Google announces plans for a new data center in Denmark


Alphabet’s Google is to invest 600 million euros ($685.98 million) to build its first data center in Denmark.

In a blog post Tuesday, Google’s Vice President for Global Data Centers, Joe Kava, said the facility would be located just outside Fredericia, in the west of the country. Kava added that Google was “committed to matching its energy use with 100 percent carbon-free energy” in Fredericia.

The business was therefore “pursuing new investment opportunities” in Danish renewable energy projects such as solar energy and onshore and offshore wind. It did not name any other companies that it would partner with.

“The Fredericia data center will be among the most energy efficient data centers in Denmark to date, taking advantage of advanced machine learning to make sure every watt of electricity counts,” Kava added.

Denmark is something of a world leader in wind energy.

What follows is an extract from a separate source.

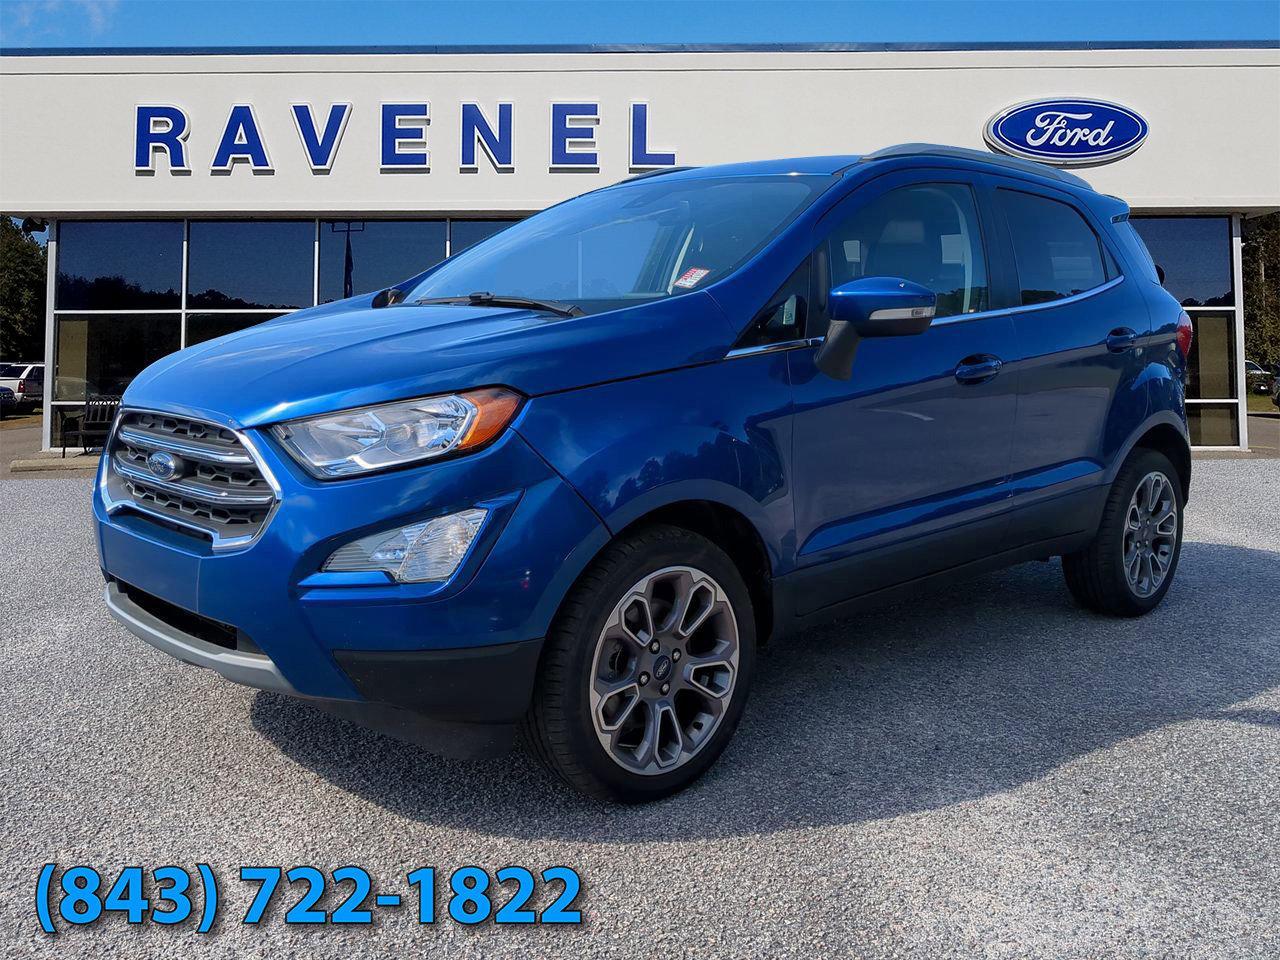 2021 used Ford EcoSport For Sale In Ravenel, SC

Over one third of the country’s electricity production comes from wind turbines, according to the Danish Energy Agency.

The Fredericia data center is set to be Google’s fifth in Europe. It currently has sites in Belgium, Finland, Ireland and the Netherlands. Google is among a number of tech giants turning to renewable energy as they look to green their operations.

In July, for example, Facebook said its Prineville Data Center in Oregon would be supported by 100 percent solar power under a new partnership with Pacific Power. In October 2017, Amazon announced that its Amazon Wind Farm Texas was operational. At the time, Amazon said that the facility, located in Scurry County, would add over 1 million megawatt hours of clean energy to the grid each year.